**Task objective**
In the entries below, begin at the line that has "Get Humana Dental" and stop after the line that has "How to create"; output those lines exactly, leaving out pictures.
*** Opening Supplied information ***
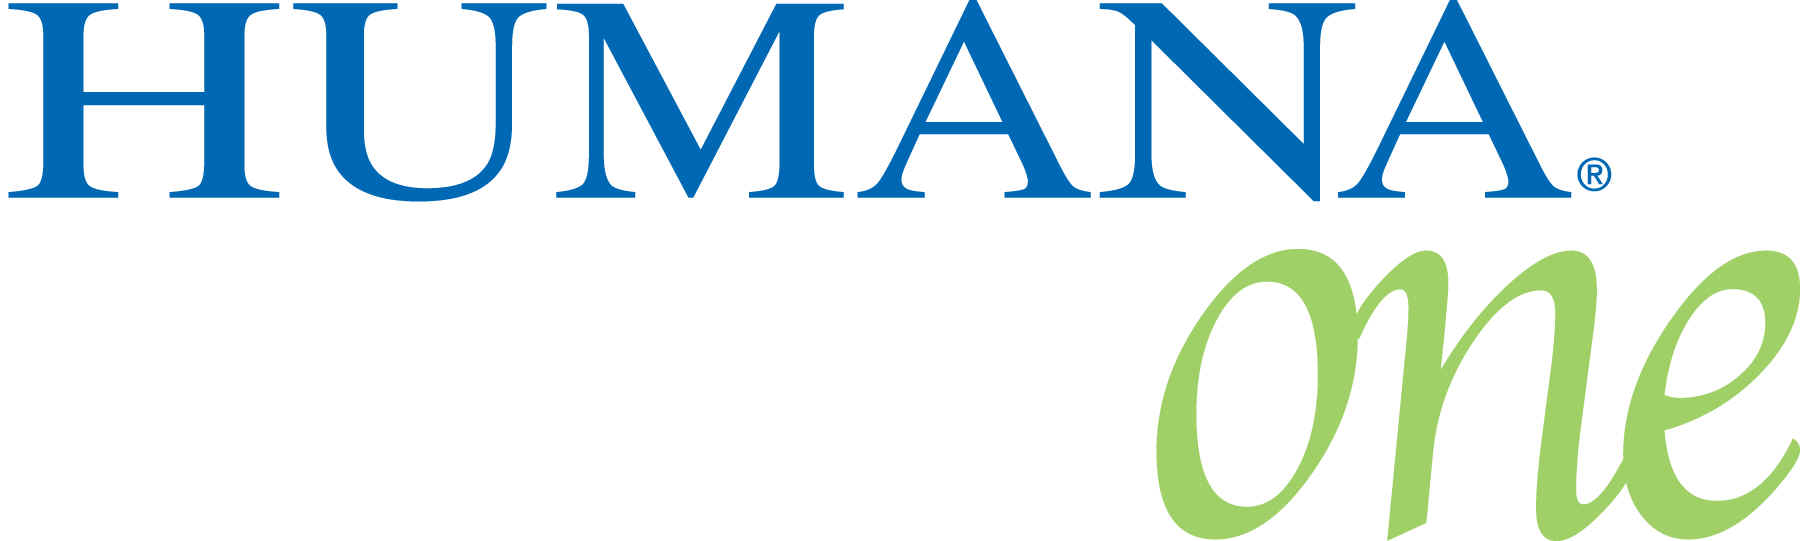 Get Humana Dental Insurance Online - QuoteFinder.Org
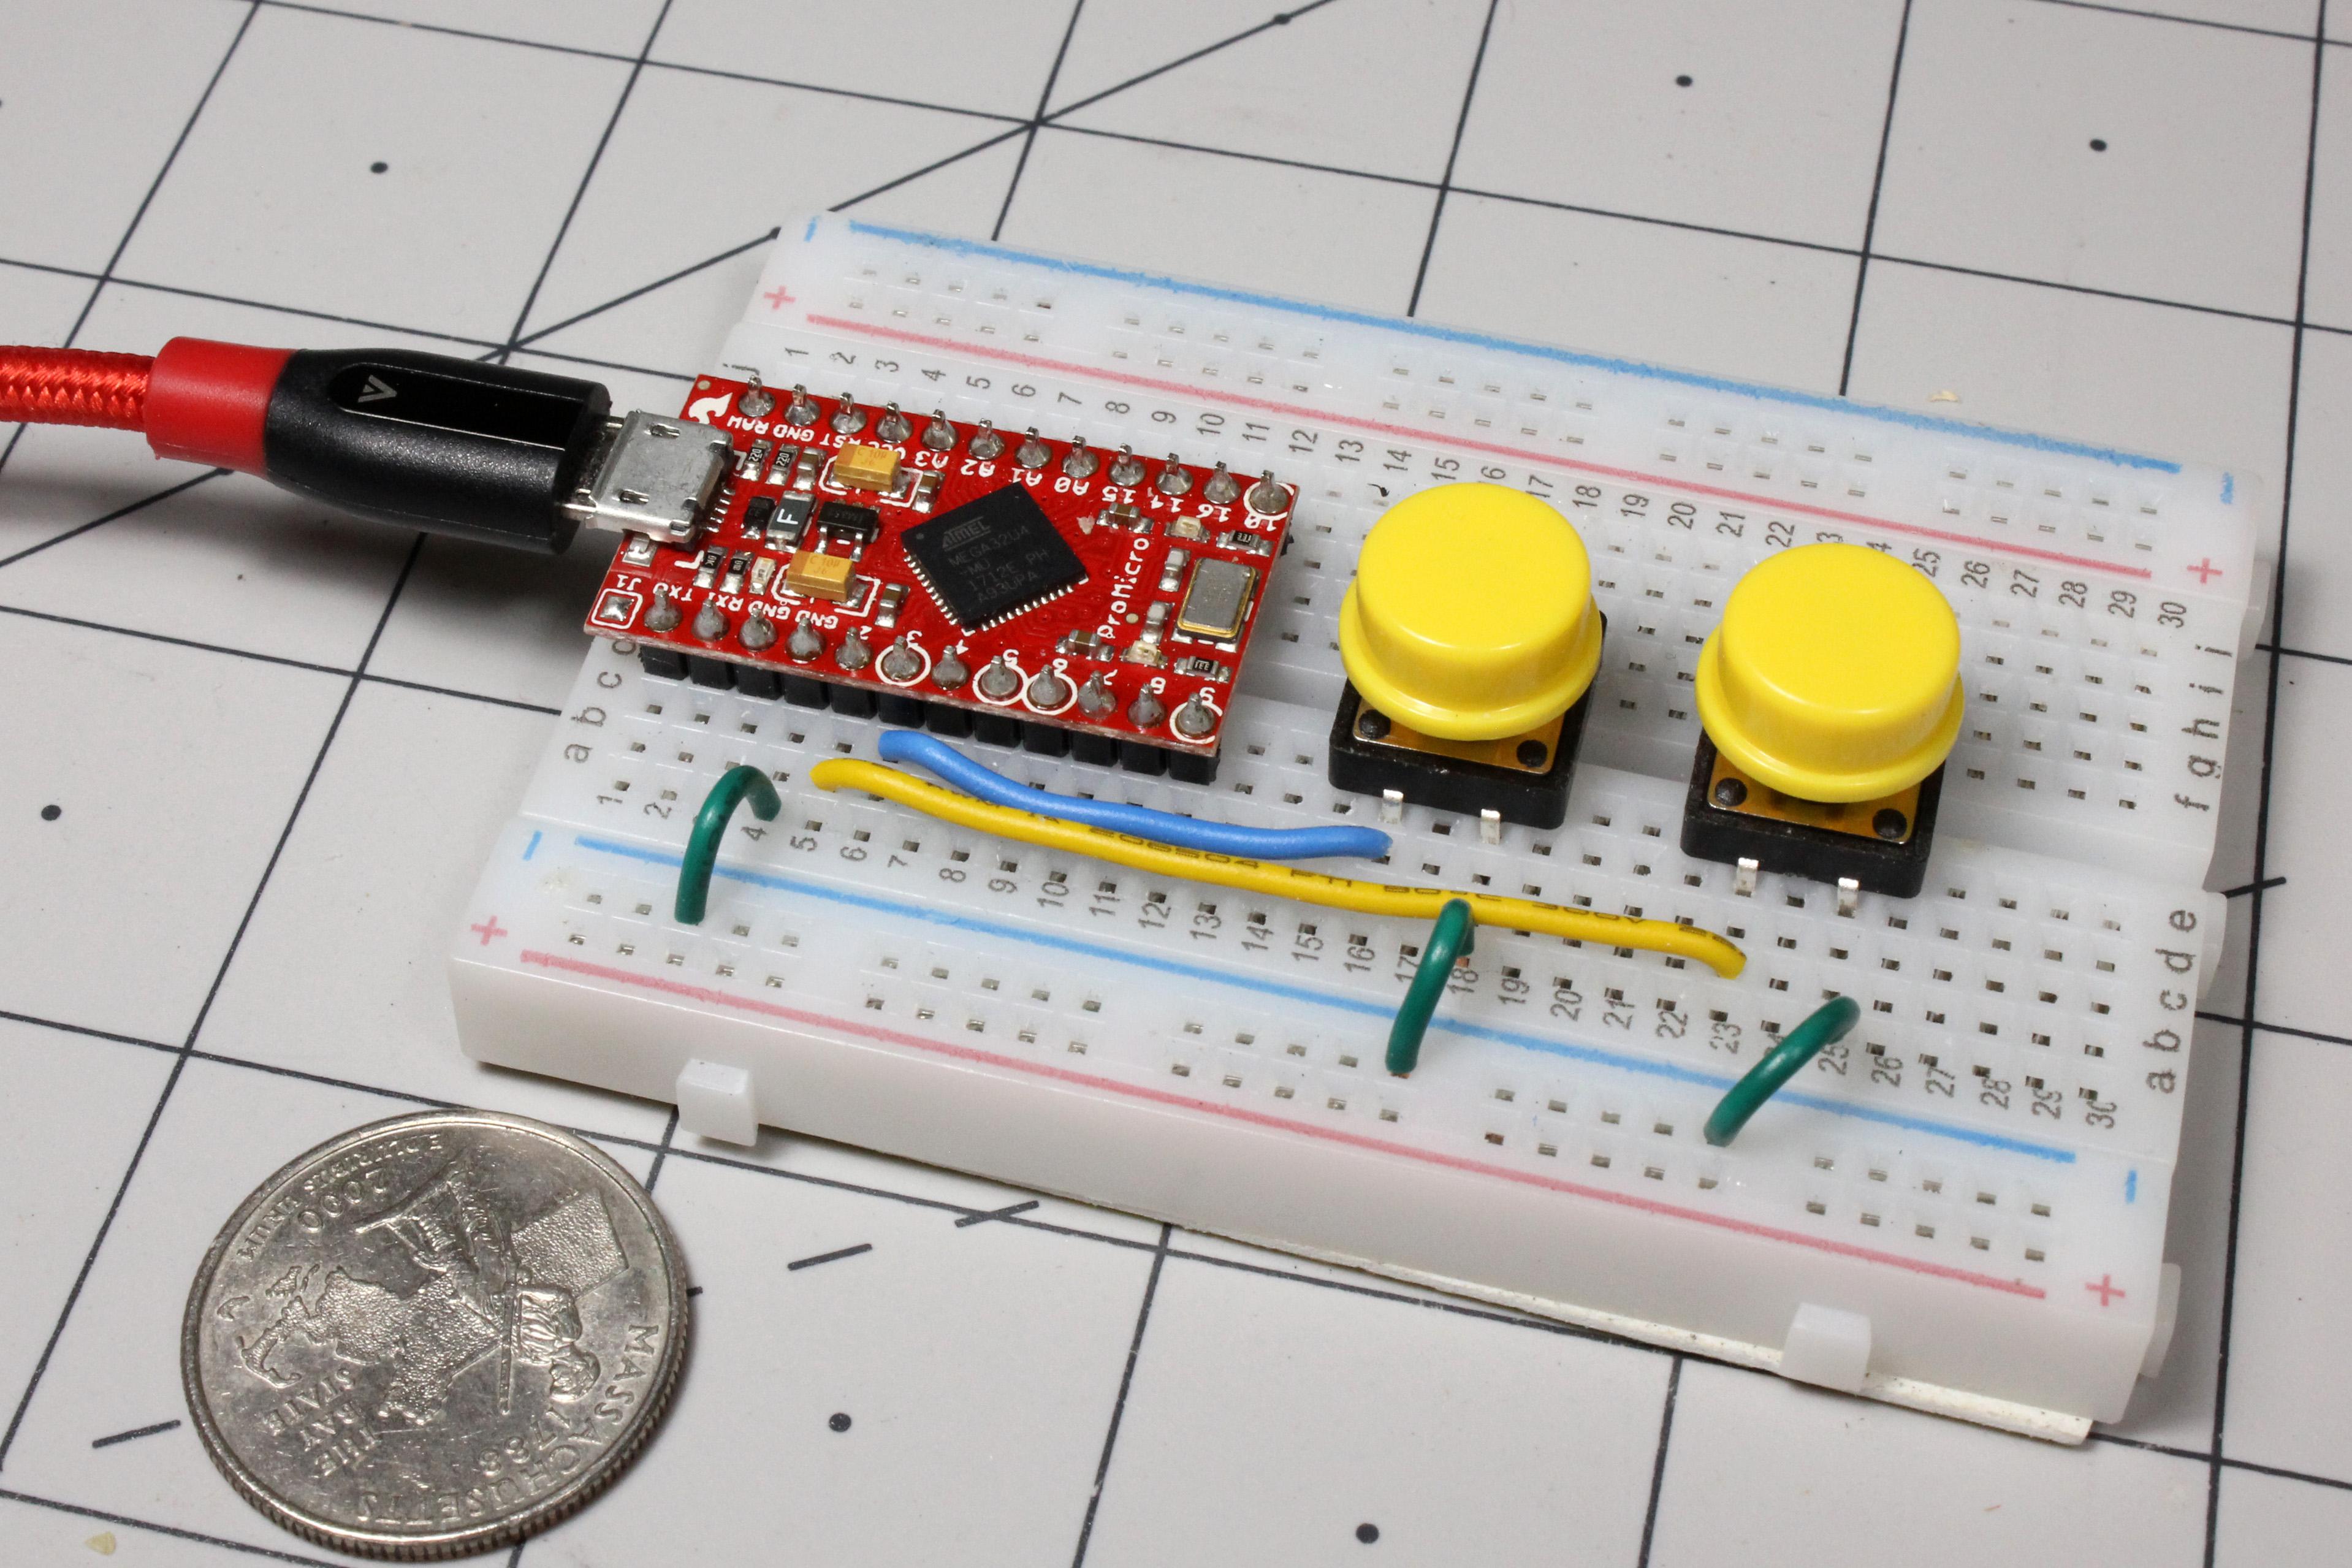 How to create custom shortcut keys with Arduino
*** Closing Supplied information ***
*** Opening Supplied information ***
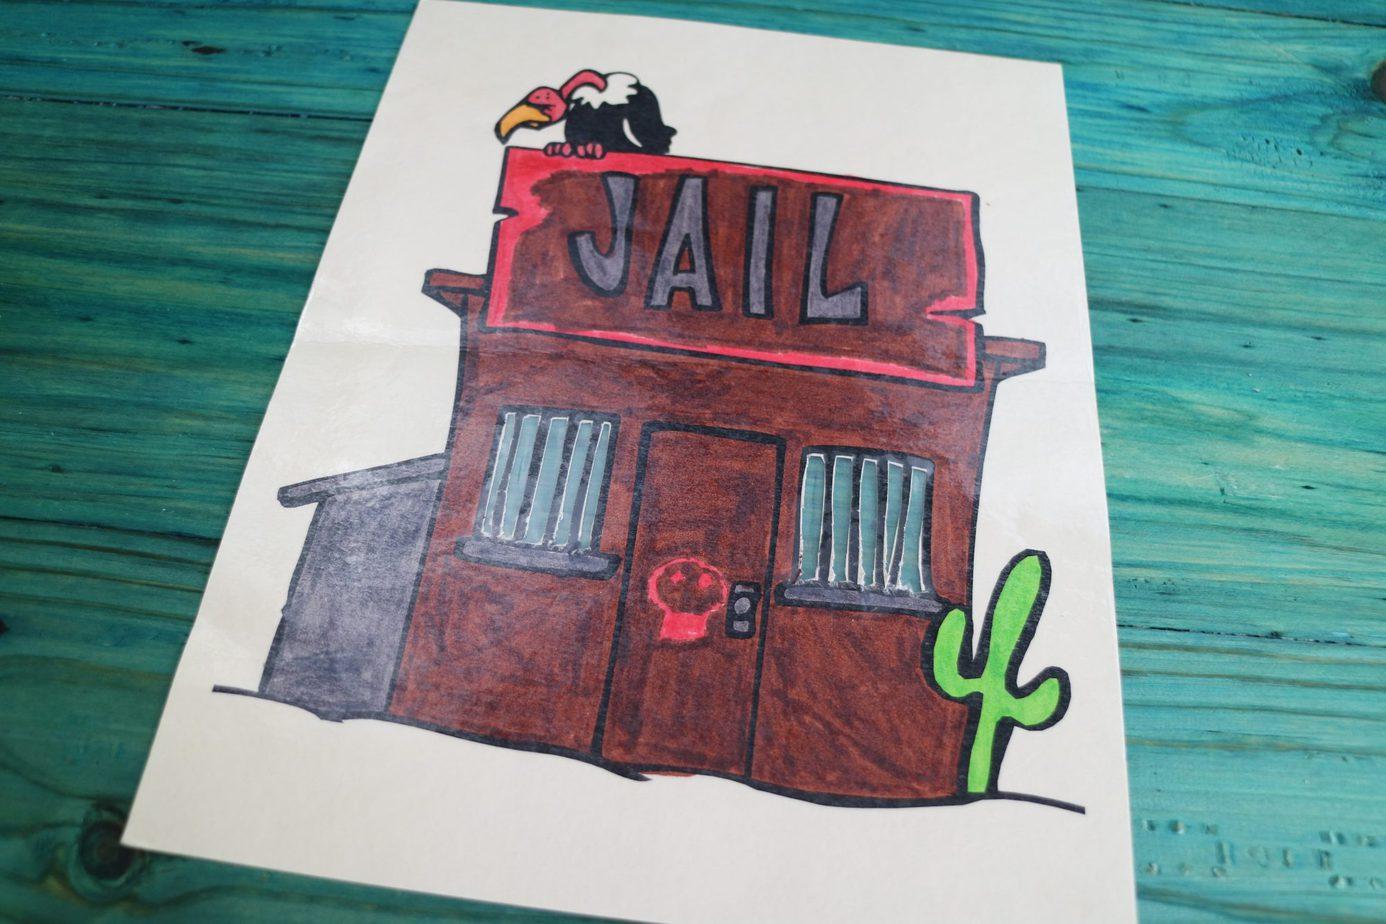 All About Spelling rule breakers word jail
*** Closing Supplied information ***
**Written response**
 Get Humana Dental Insurance Online - QuoteFinder.Org
 How to create custom shortcut keys with Arduino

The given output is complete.